Analysis of hf’s ELECTRA methods is here
Intel’s Vtune profiler was recommended for use on Intel CPUs. Vtune was installed on both the remote target server and local laptop. From my laptop Vtune, I would launch a profiling session on the target server, where actual ELECTRA workload would actually run.
When profiling ELECTRA with a pre-compiled release of PyTorch (installed with conda for example), Vtune was unable to see under the framework-level functions, lest the operators themselves. It all showed up as “func@address“
A source build of PyTorch, with -debug option was necessary, which I will explain here in the future.
Intel Vtune
As an Intel CPU specific profiler, the metrics used in the results also reflect the characteristics of Intel CPUs (especially uOps). Details are organized here.
Here were some scribbles going into actual profiling.
Timeline
12/29/2021
start of internship
January
Selecting ELECTRA Implementation
PyTorch Debug build for Vtune Profiler to see operation fns.
February
Vtune metrics
Intel CPU characteristics
IPC profiling – SGEMM analysis
March
Memory profiling
ELECTRA multi-threading
April
OpenMP
Blocked Matrix Multiplication
Cache Performance
May
Paper Writing and Submission
June-July
IEIE poster session
Here for Detailed Timeline
Result and Analysis
IPC
My initial expectations were
- Matmul size increases as model size increase.
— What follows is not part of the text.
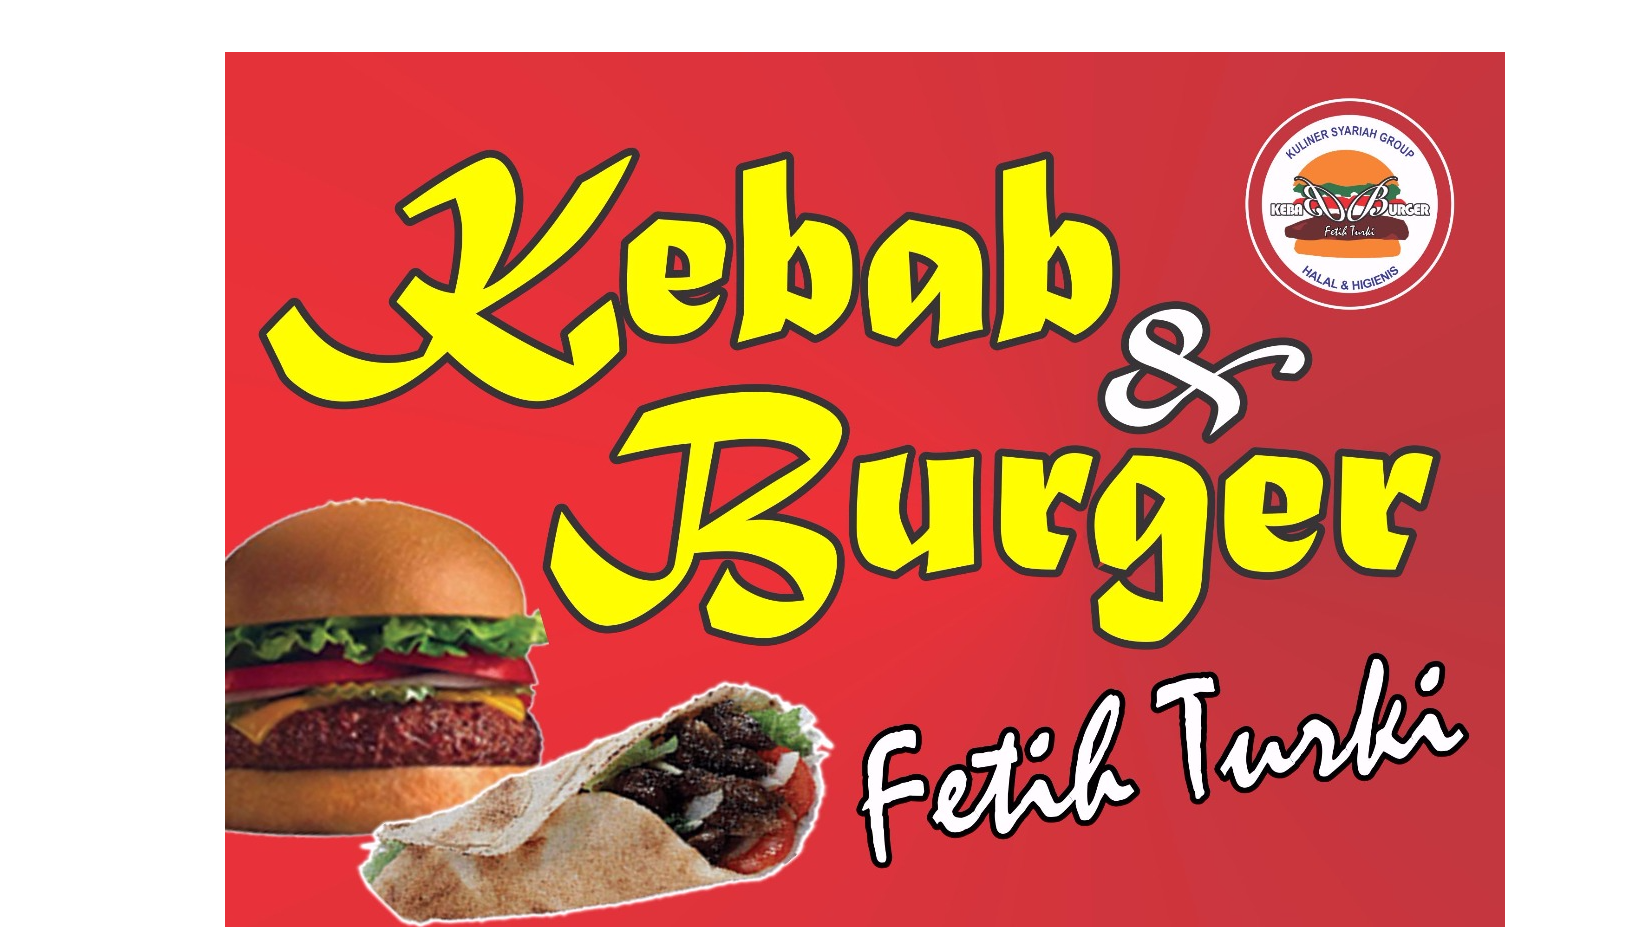 Kebab Burger Fetih Turki, Buluran

- This will result in decreased IPC of the entire model.
which was exact opposite of actual profiling result.
But note that IPC of SGEMM in general is much higher than IPC of any ELECTRA. This can be explained by SGEMM using higher port throughput, in that it parallelizes more ports simultaneously.
Therefore, higher IPC of larger ELECTRA can be attributed to it having higher ratio of SGEMM.
Memory Usage
SGEMM showed higher boundness in Core than Memory. In fact, during matrix operation, there is rarely reference below L1 cache. This reflects the effectiveness of CPU memory hierarchy, quite contrast to the core’s ability limiting the performance.
Another distinct characteristic of modern CPU is multi-core, with all cores sharing L3-cache.
ELECTRA – Multi-thread
Multi-threading (intra-op parallelism) implemented with OpenMP
Speed up due to thread-level parallelism is expected to differ by each operation characteristics.
libtorch_cpu : non-matmul operations such as layer norm, softmax
libomp : Parallelization overhead
=> SGEMM and libtorch_cpu showing near-ideal speedup.
Computation Breakdown of each BERT Layer
Sequence: MH-Attention -> Add&Norm -> FF
Unlike seq2seq models, transformer takes in the entire sequence as a whole and computes it entirely. This leads to higher parallelization opportunities.
Matrix multiplication is readily parallelized with matrix blocking.
As an opportunity to study OpenMP methods, I implemented blocked matrix multiplication and profiled memory hierarchy. in which Vtune’s ability to access memory performance counters proved useful.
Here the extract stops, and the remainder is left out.